DESCRIPTION OF THE TASK
Omit all pictures, then repeat the listing exactly.

INFORMATION SHOWN
= Beginning of Section =
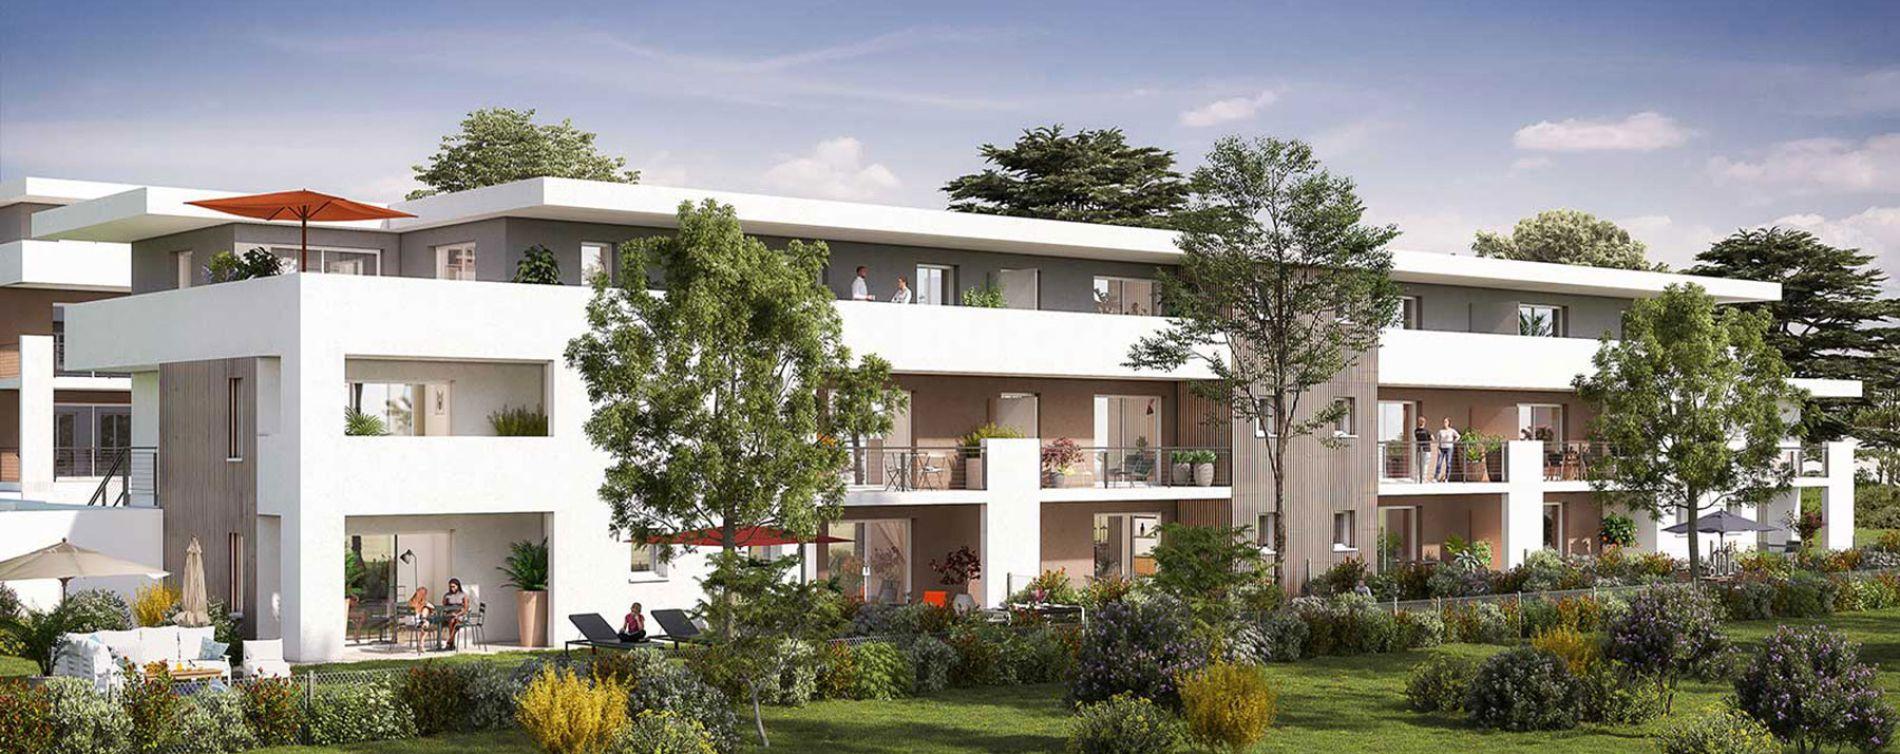 Saint-Paul-lès-Dax : programme immobilier neuve « Les Jardins des Acacias » (2)
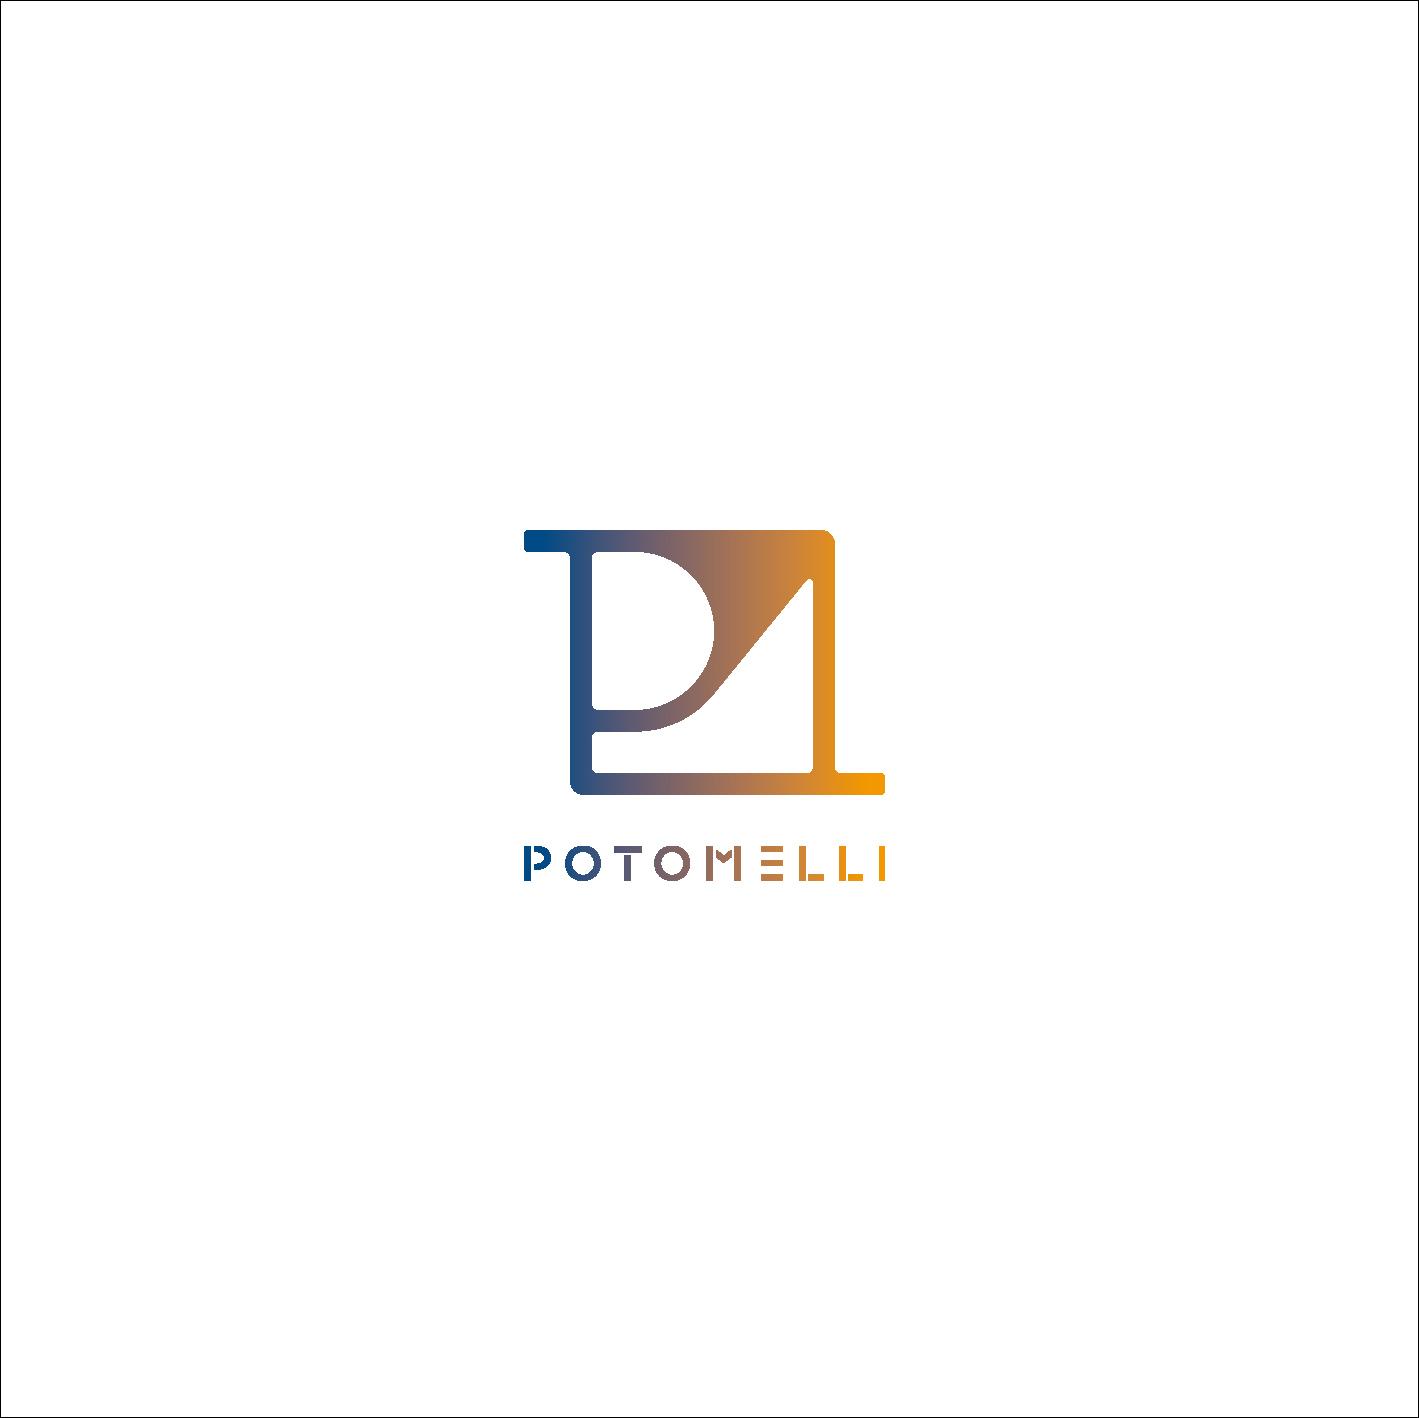 【Potomelli】Potomelli 1st Ep
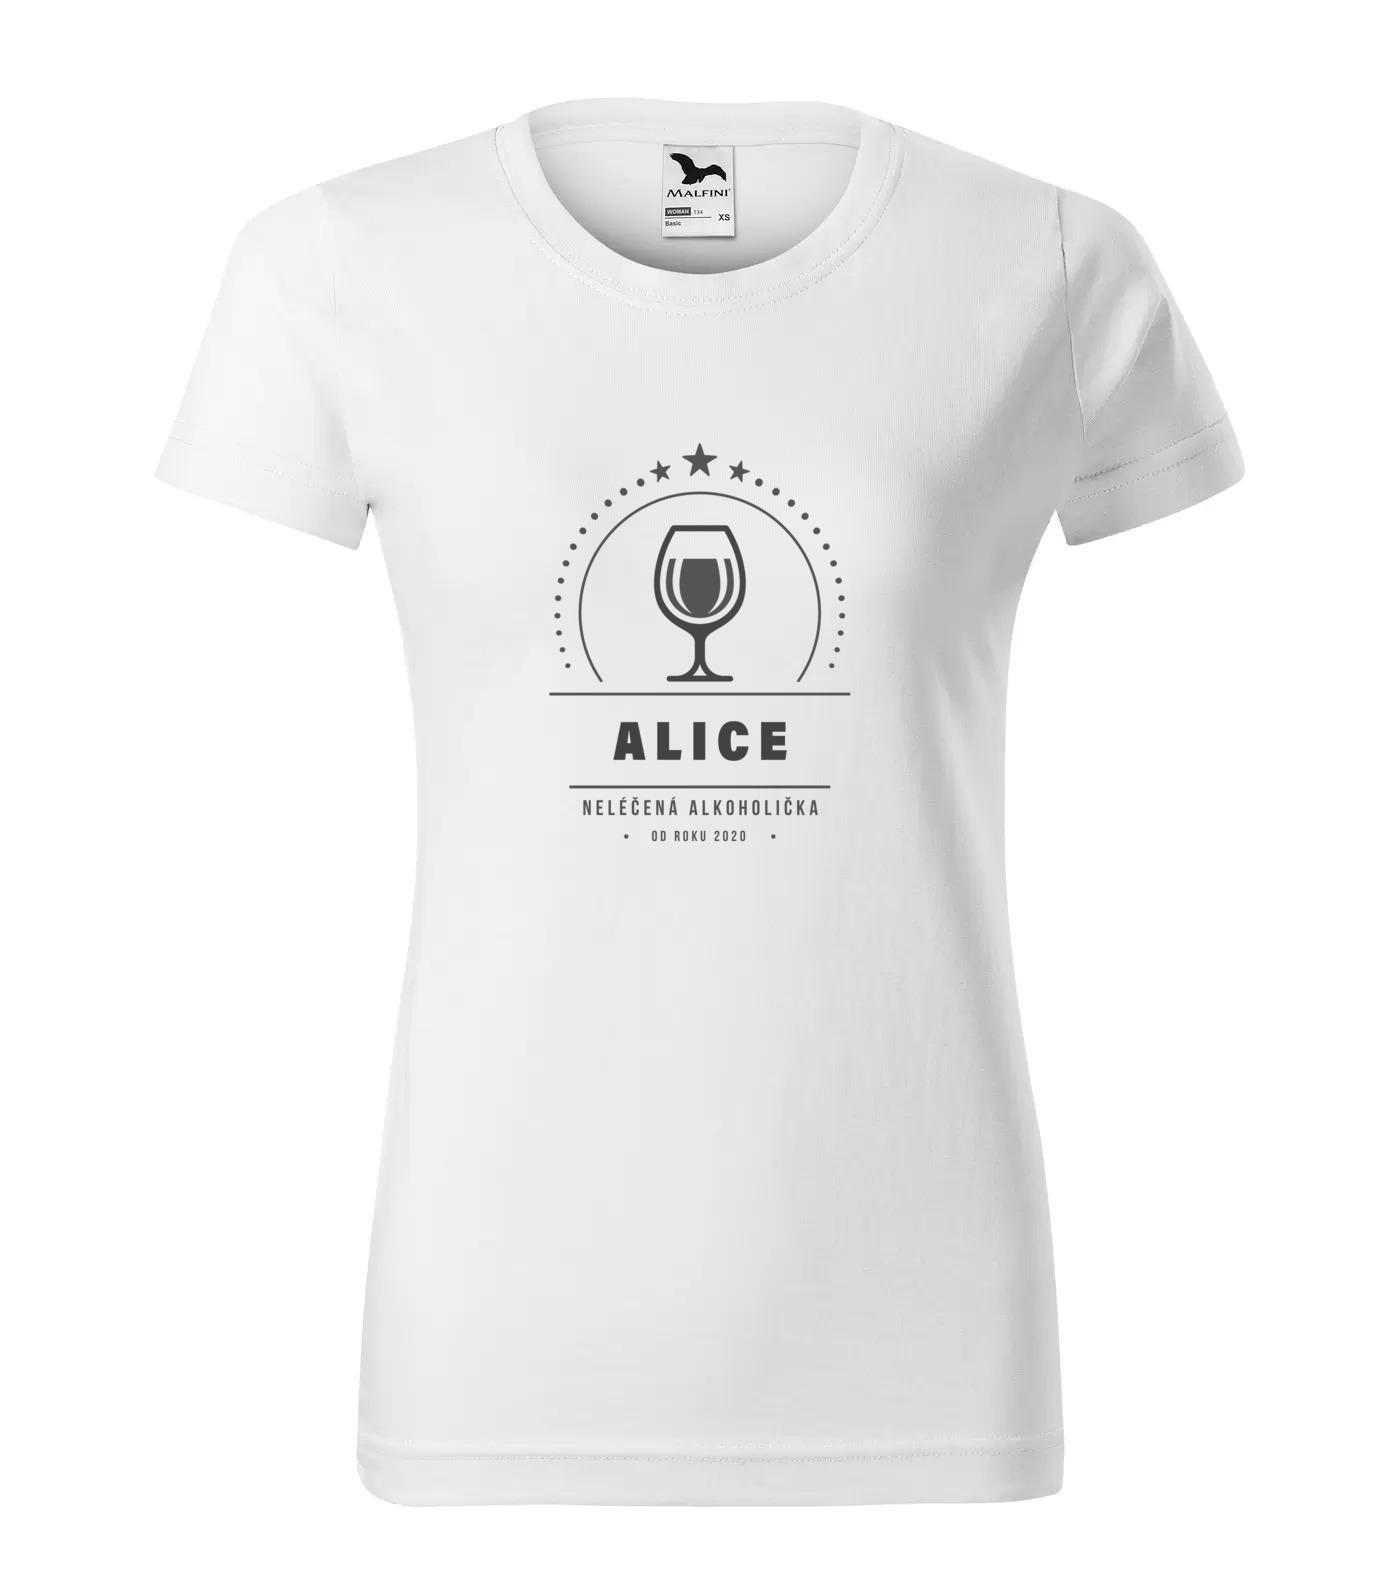 Tričko Alkoholička Alice
= End of Section =
ANSWER TO THIS PROBLEM
 Saint-Paul-lès-Dax : programme immobilier neuve « Les Jardins des Acacias » (2)
 【Potomelli】Potomelli 1st Ep
 Tričko Alkoholička Alice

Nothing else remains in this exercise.